↓↓↓

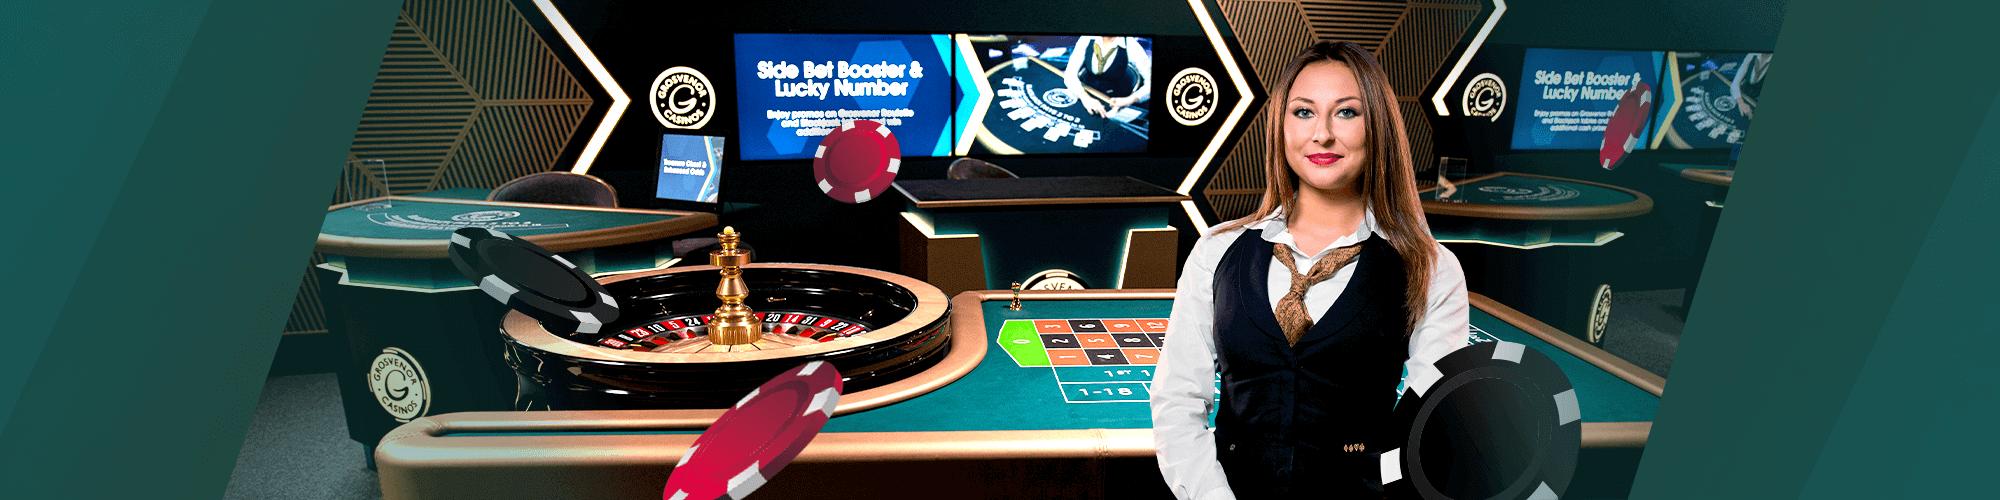 Casino Live Lobby
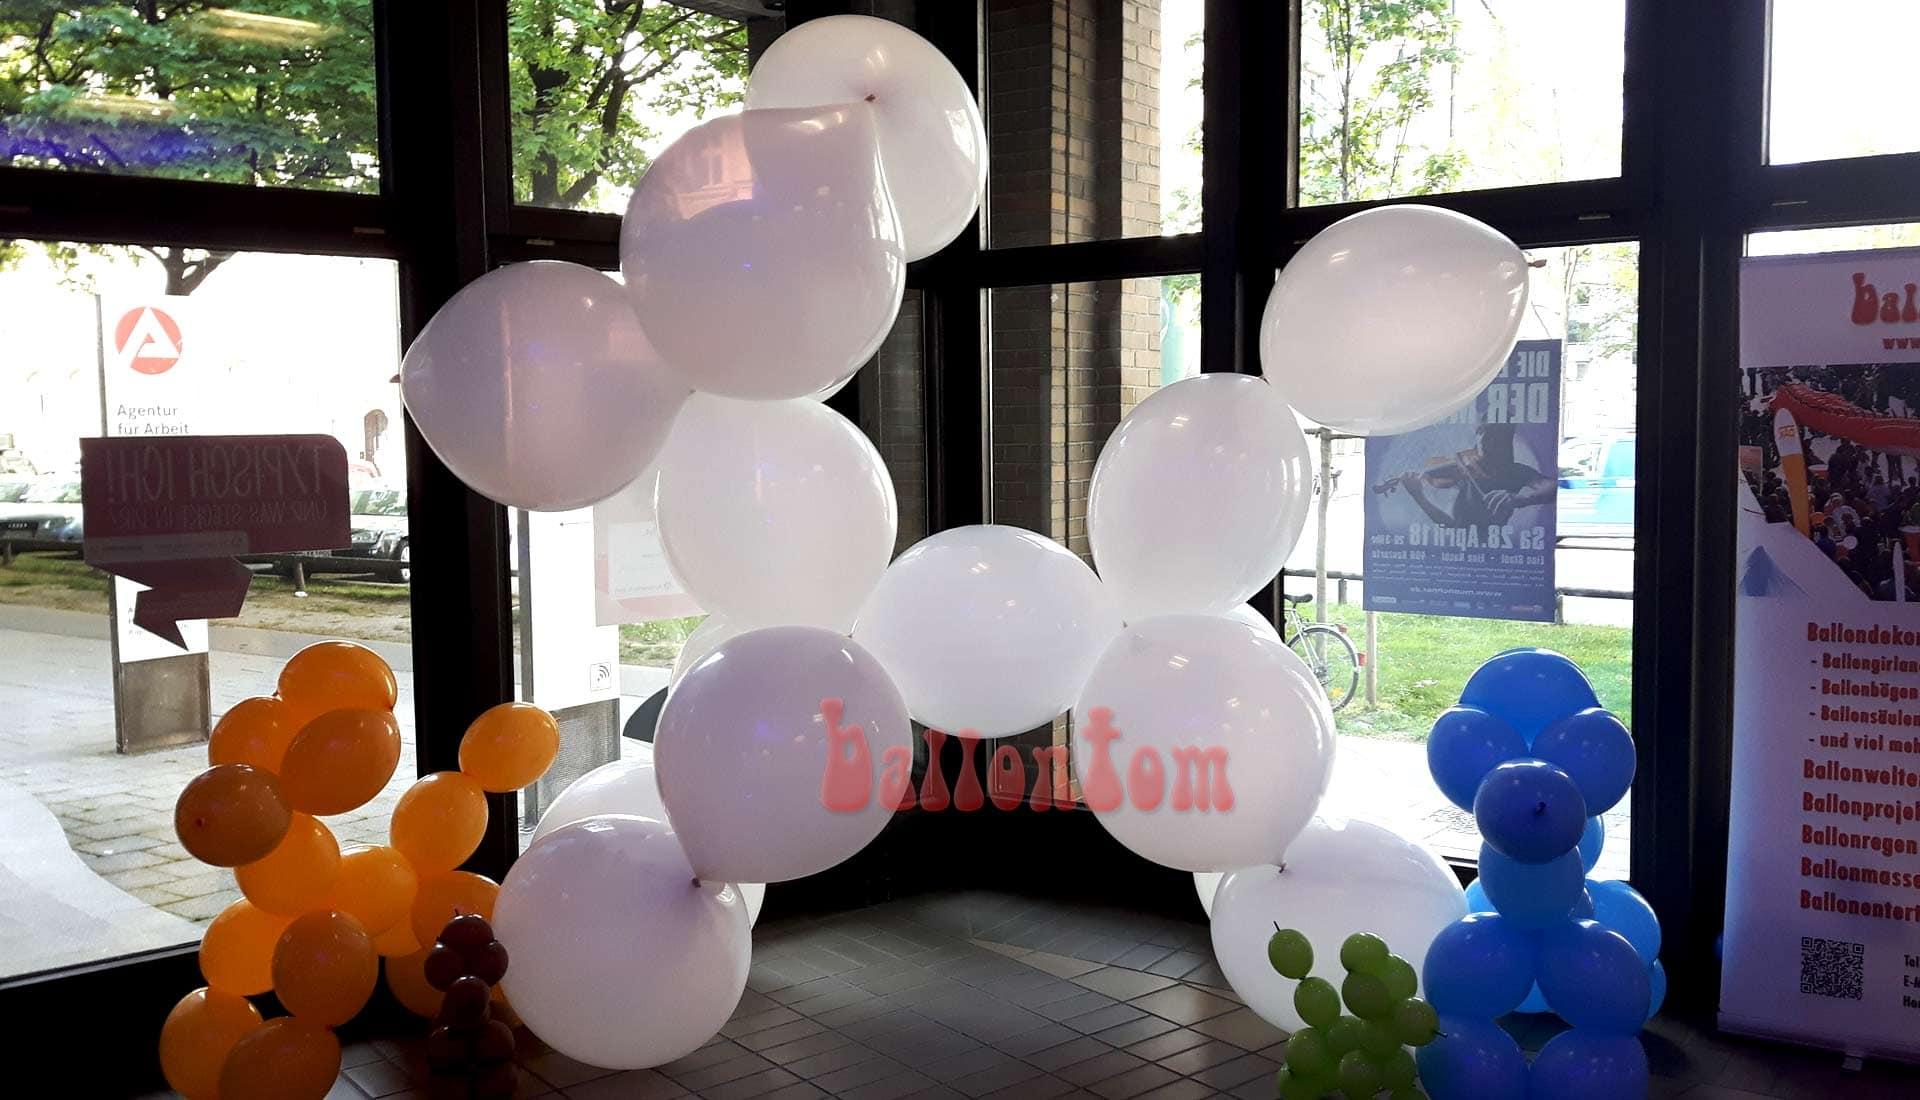 Ballonshow Augsburg
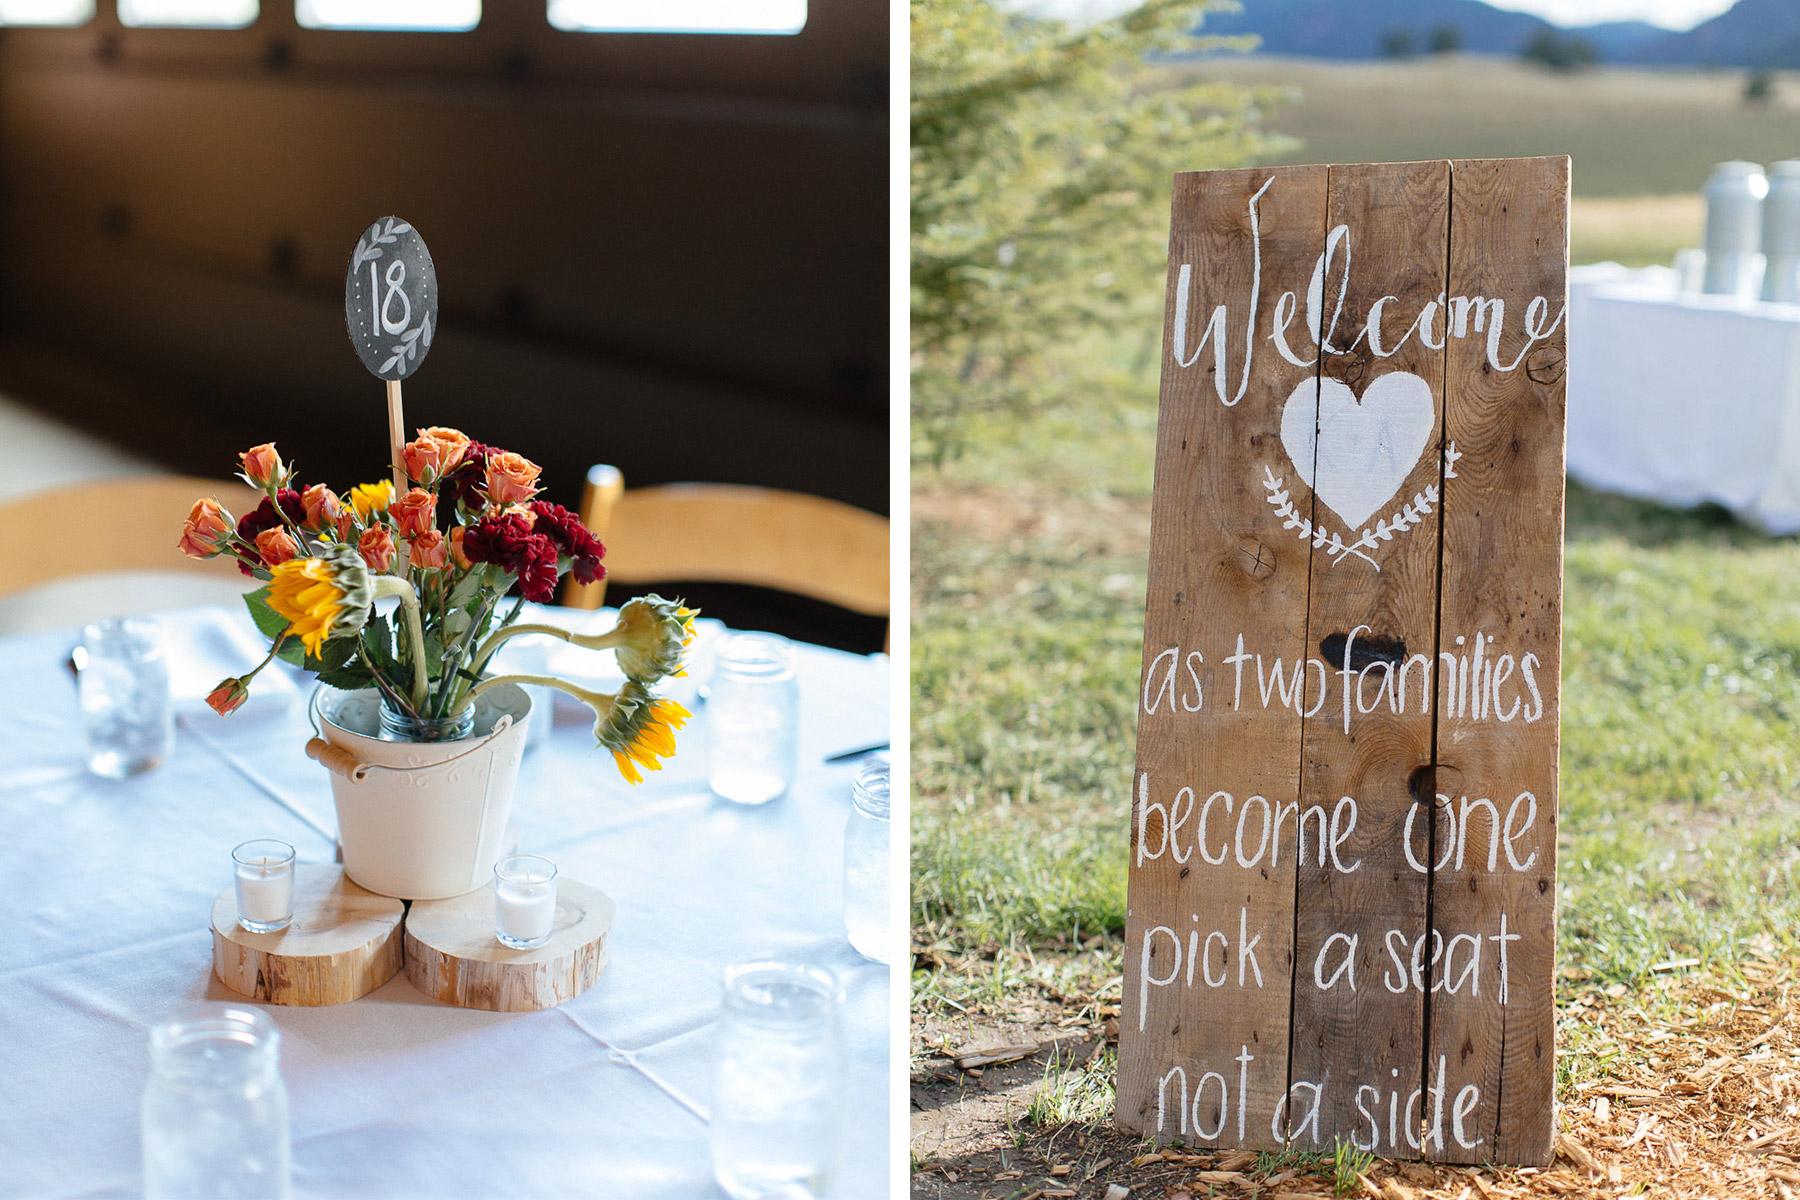 160902-Luxium-Weddings-Arizona-Michael-Becca-Spruce-Mountain-Ranch-Colorado-webres-050a.jpg

↑↑↑

WHAT YOU ARE ASKED TO DO
Please set down each line of the listing above word for word, skipping any pictures.

WRITTEN ANSWER
 Casino Live Lobby
 Ballonshow Augsburg
 160902-Luxium-Weddings-Arizona-Michael-Becca-Spruce-Mountain-Ranch-Colorado-webres-050a.jpg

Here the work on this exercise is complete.